This is a simple sponge, very similar to a Victoria sandwich cake with the addition of lemon zest – my grandmother's recipe for an afternoon tea.
255g self-raising flour
170g butter, softened
100g caster sugar
4 eggs
1 tsp salt and 1 tsp baking powder
zest of 1 lemon
Preheat the oven to 180ºC and line the bottom of two 20cm sandwich tins with greaseproof paper. My grandmother used one cake tin and then cut the cake into three - I decided two layers was enough!
Sieve together the flour, baking powder and salt.
Cream the butter and sugar until pale and fluffy. Add the lemon zest and then the eggs, one at a time, alternating with the flour mixture. If you need to loosen the mix, add a little milk.
Beat well and then divide the mixture between the two tins.

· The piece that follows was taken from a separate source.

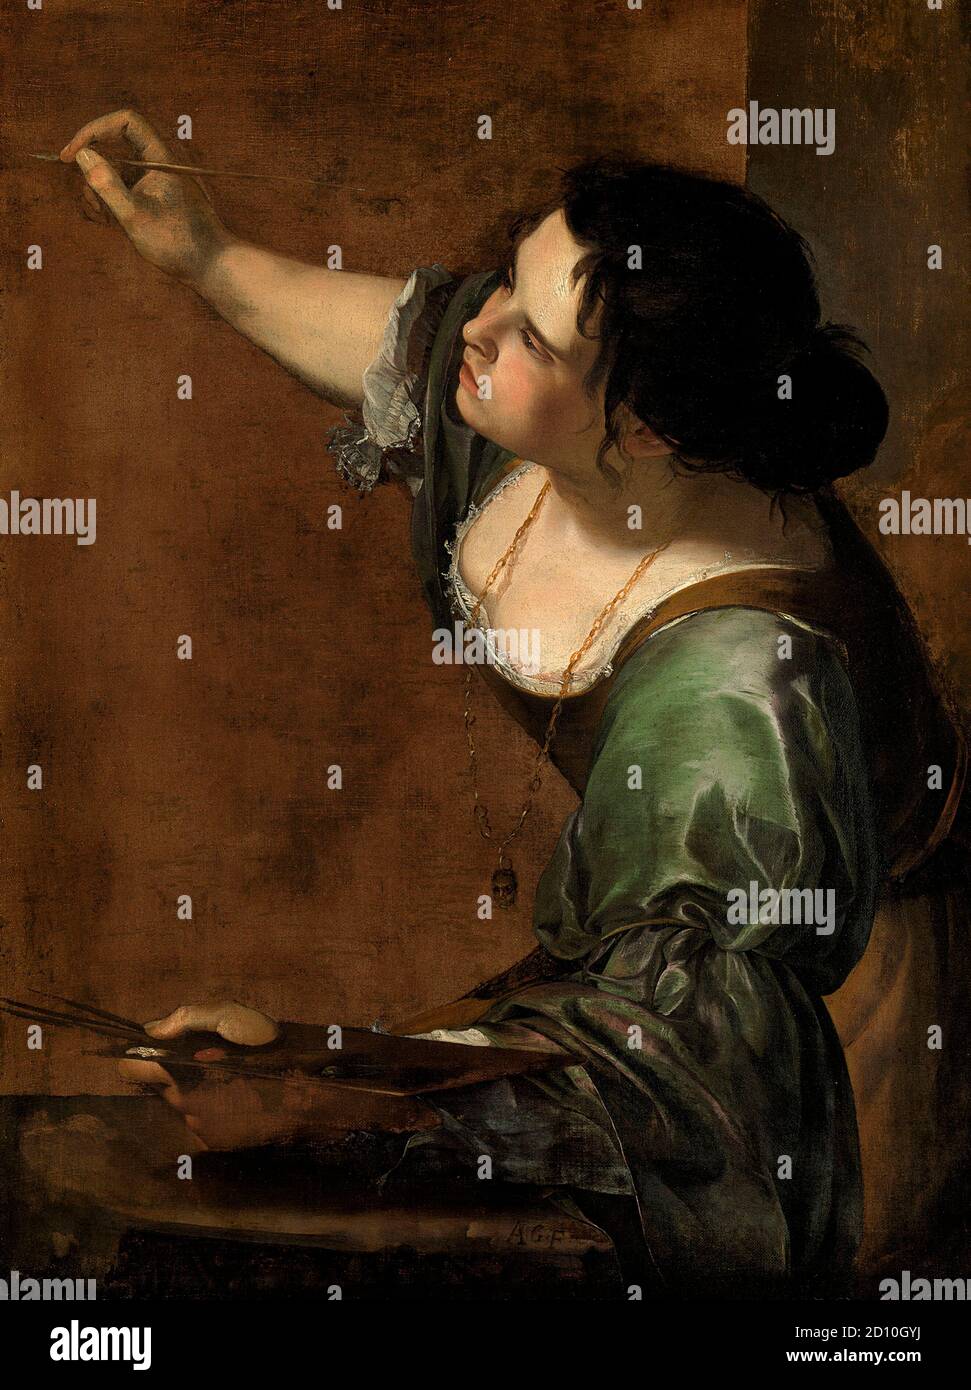 Artemisia Gentileschi, autorretrato como la Allegoría de la pintura, (1593 – 1656) pintor barroco italiano, Foto de stock
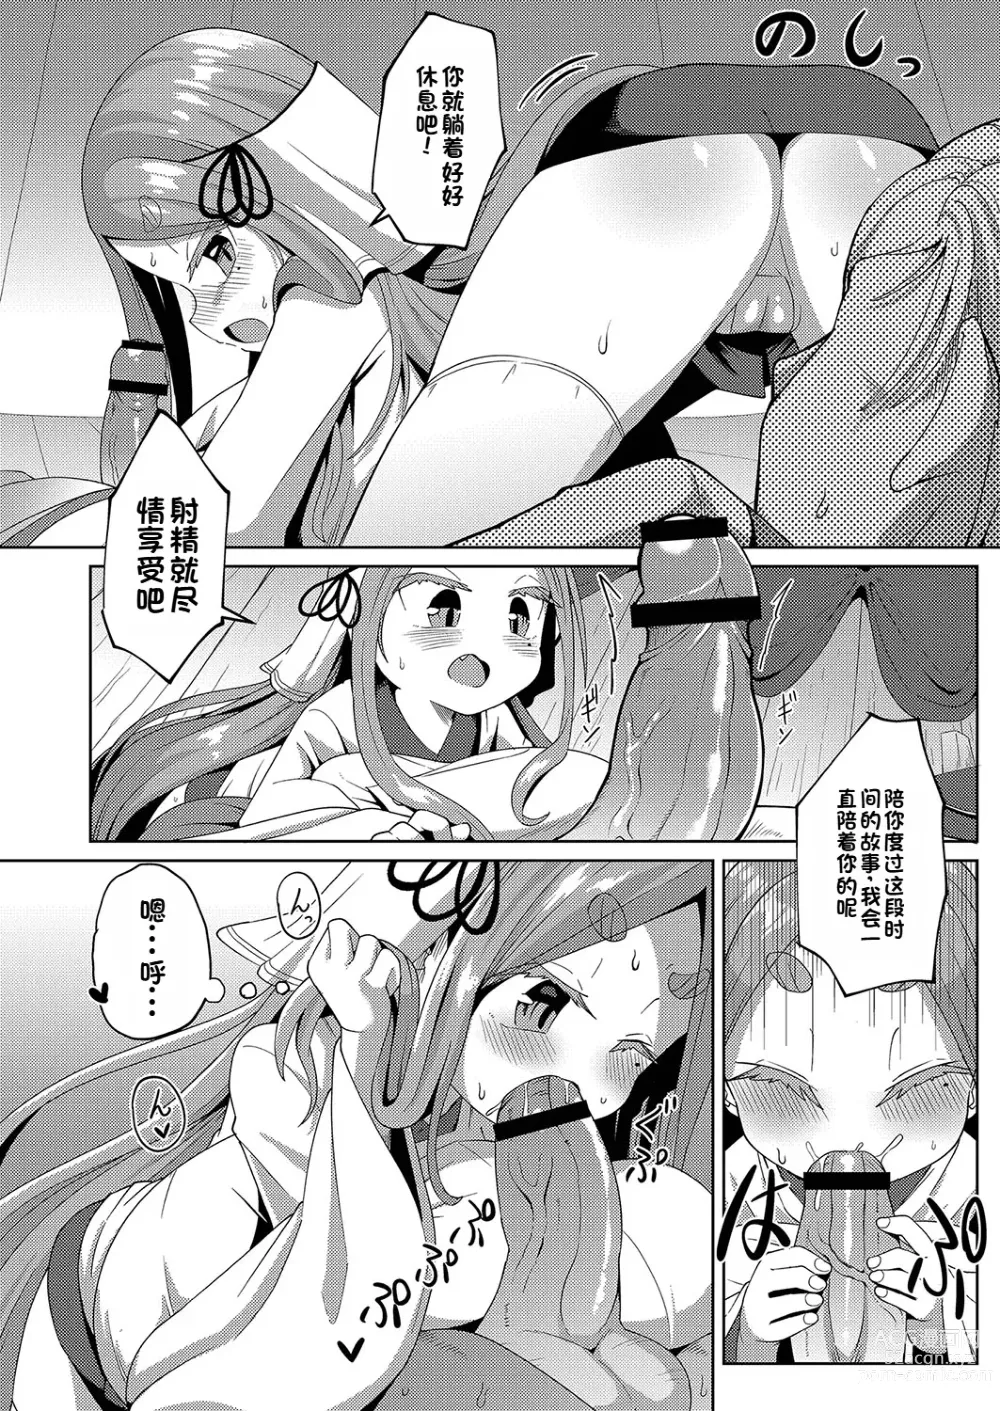 Page 12 of manga Yui

Bake for 20-25 minutes or until a skewer inserted in the middle comes out clean.
The recipe suggests spreading butter icing between the two cakes and adding a few drops of carmine – also known as cochineal - and strawberry flavouring to the mix.
I chose to use my home made strawberry jam for the middle and a butter icing for the top, flavoured with lemon juice as she suggests.
Butter Icing
200g icing sugar, sieved
75g butter, softened
lemon juice to taste (about half a lemon)
Simply cream the butter, icing sugar and lemon juice together and spread across the top of the cake. Alternatively, you could just dust the top with icing sugar.